Starting at the line with "An old woman", return every line through the final one of the data, word for word. Pictures stay out.

* [DATASET SECTION]:
##############################

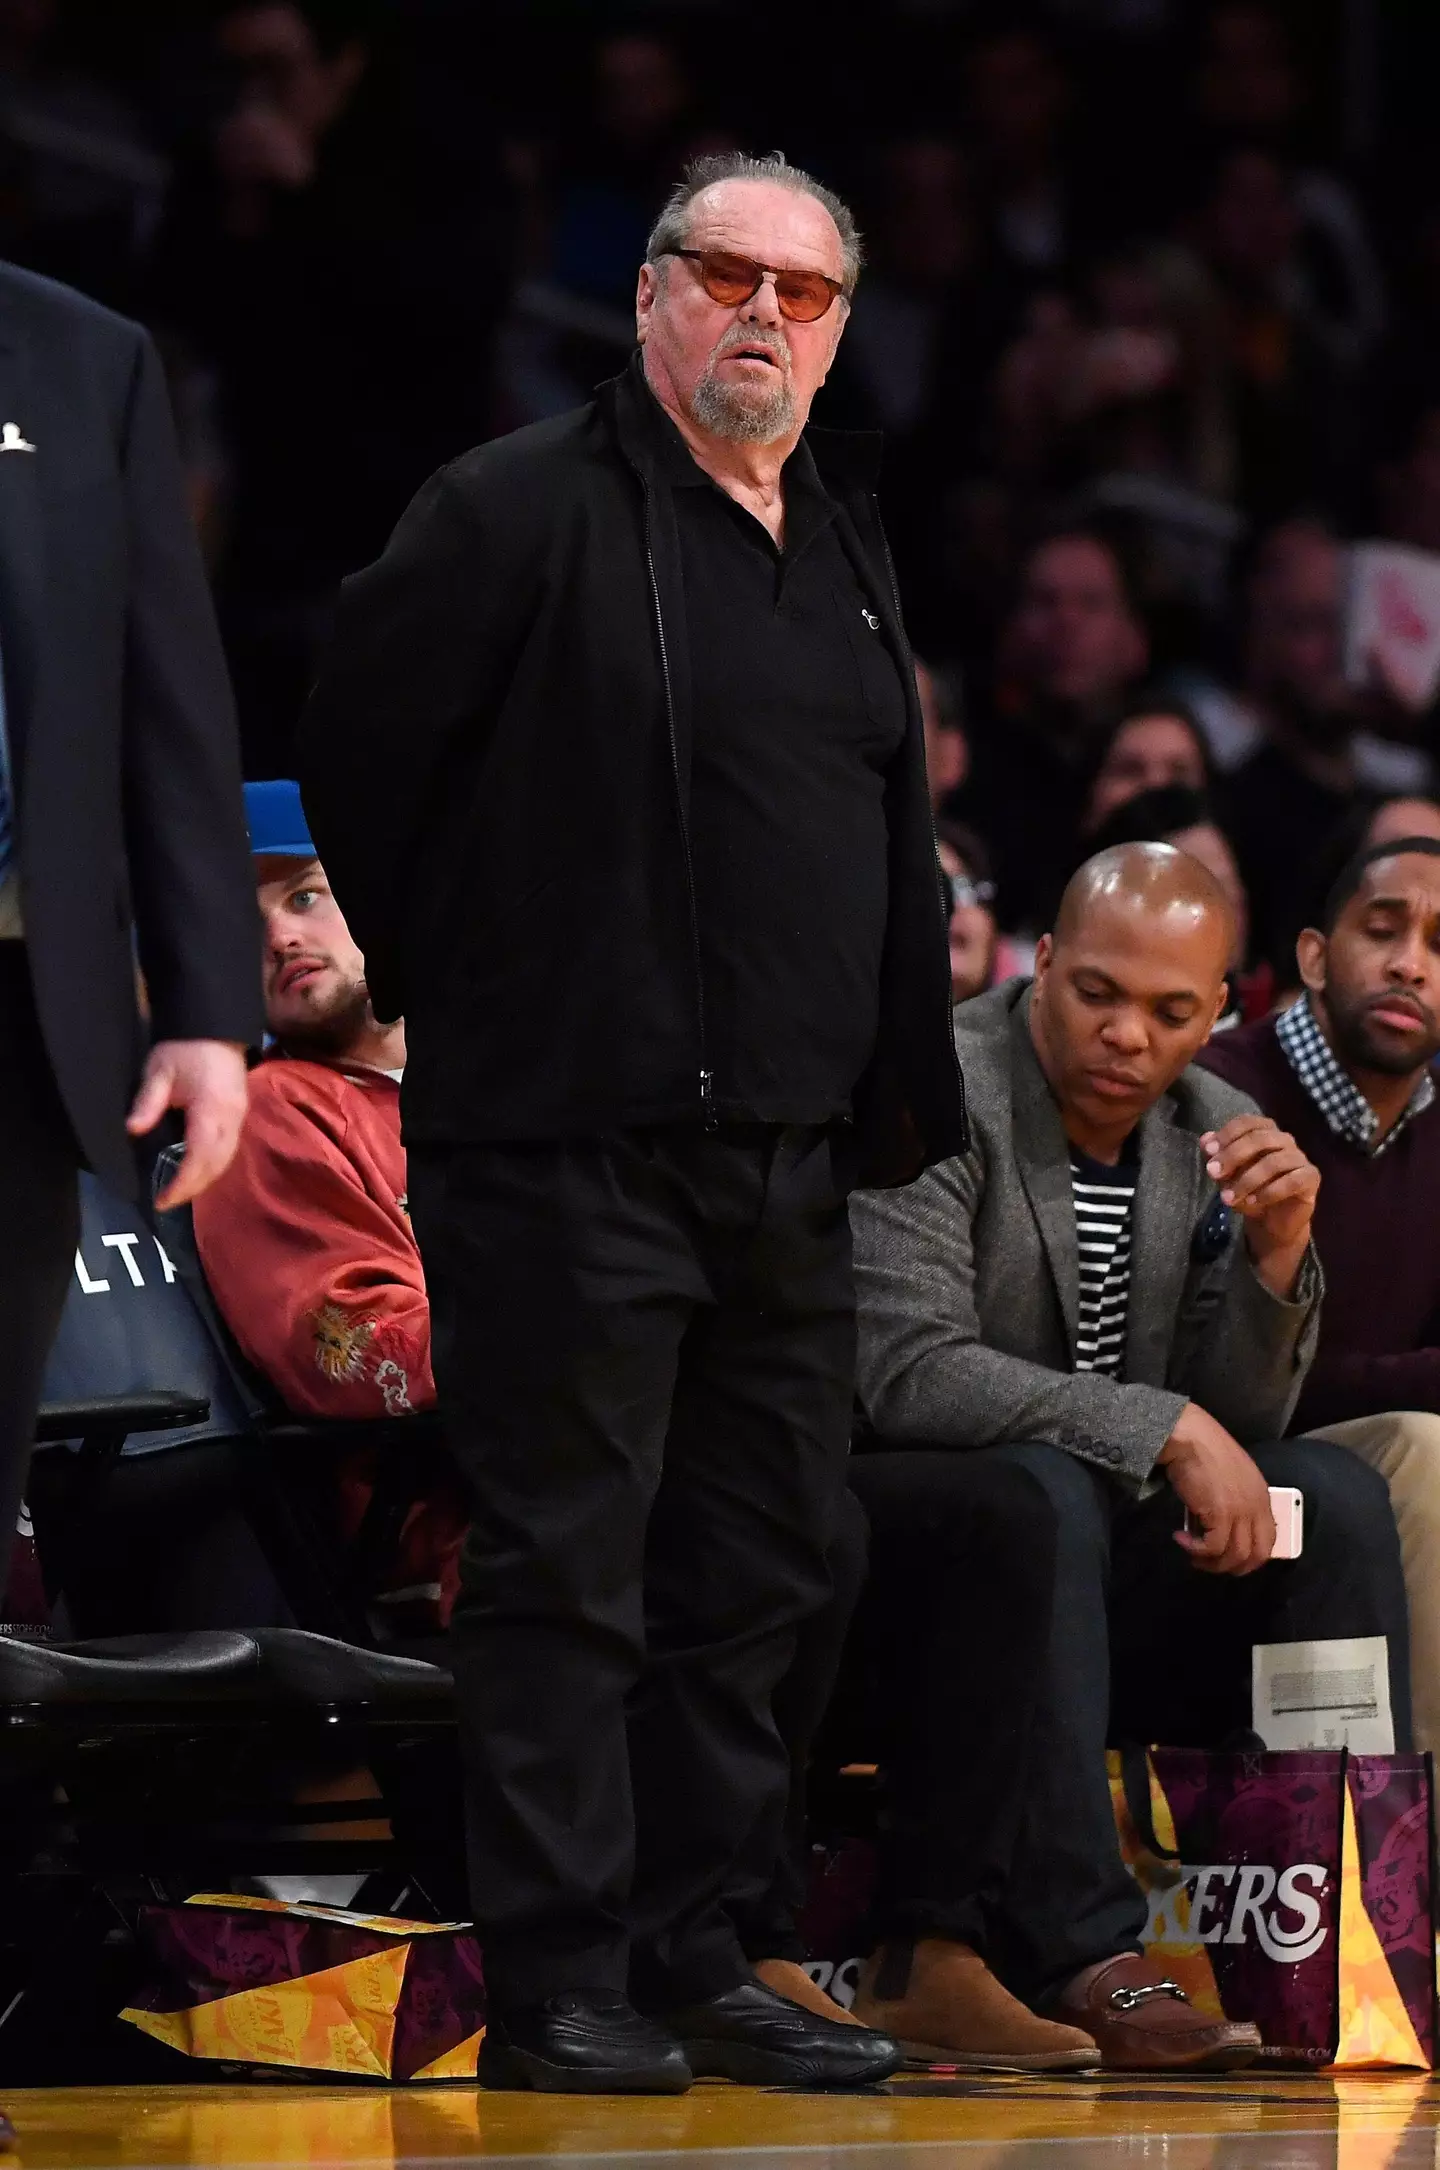 Nicholson pictured at a LA Lakers game.
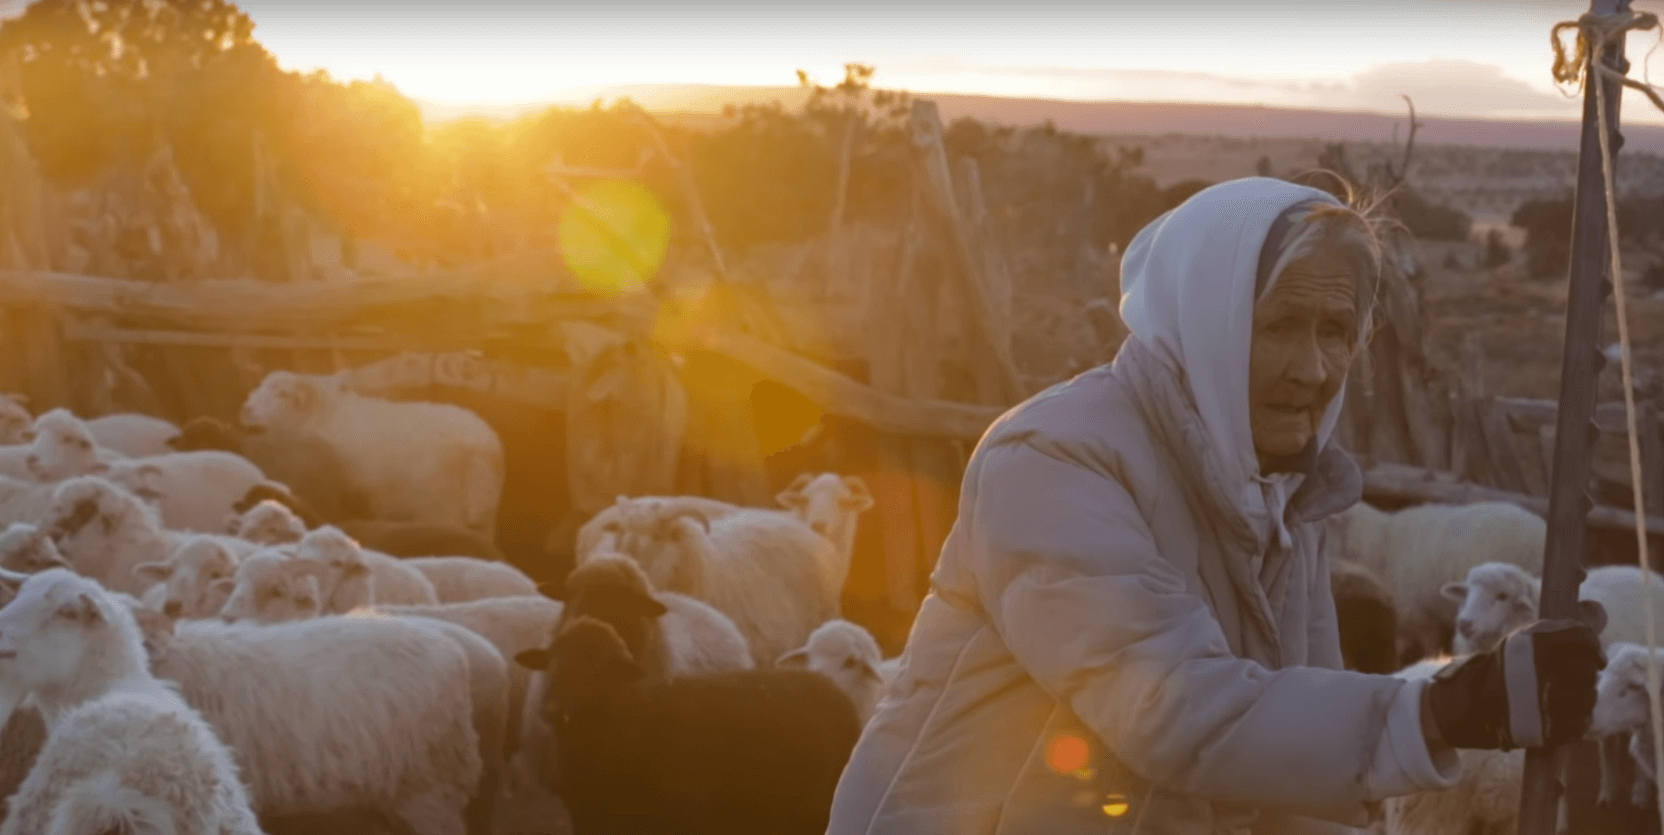 An old woman wearing a jacket and a hoodie is grabbing a fence, behind her there are goats in an open space, the flare of the sun reflects on the camera
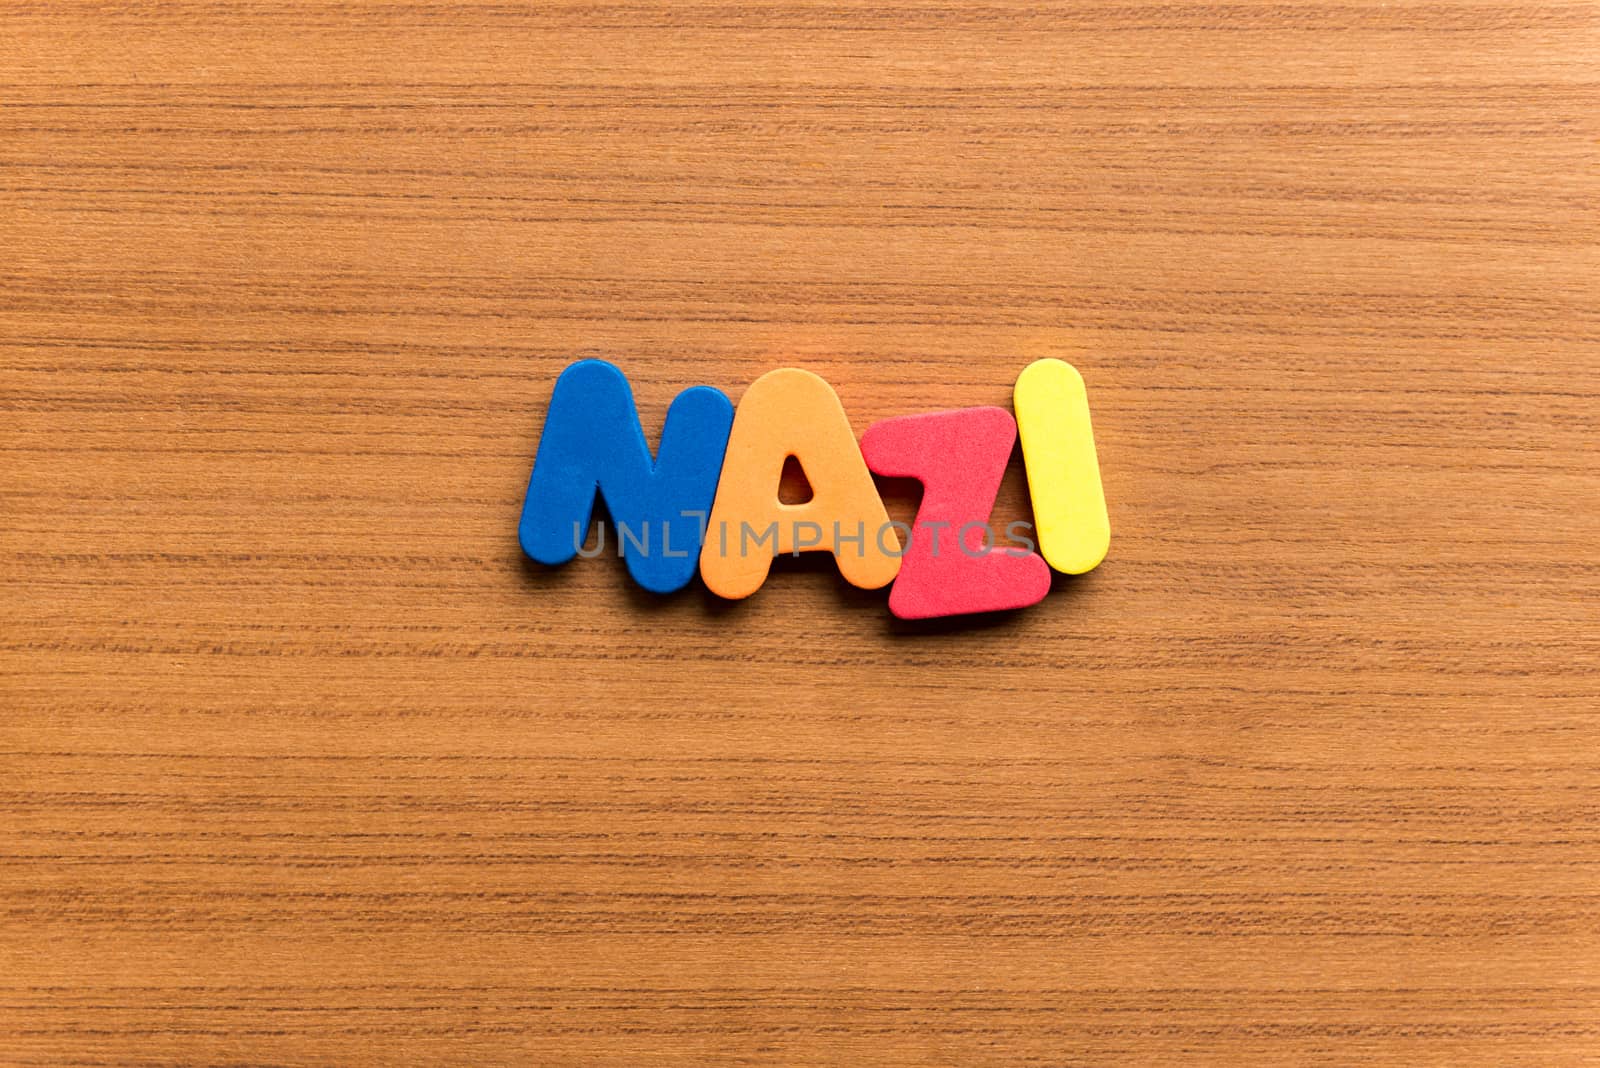 nazi colorful word on the wooden background

##############################

* [SOLUTION TO THE PROBLEM]:
 An old woman wearing a jacket and a hoodie is grabbing a fence, behind her there are goats in an open space, the flare of the sun reflects on the camera
 nazi colorful word on the wooden background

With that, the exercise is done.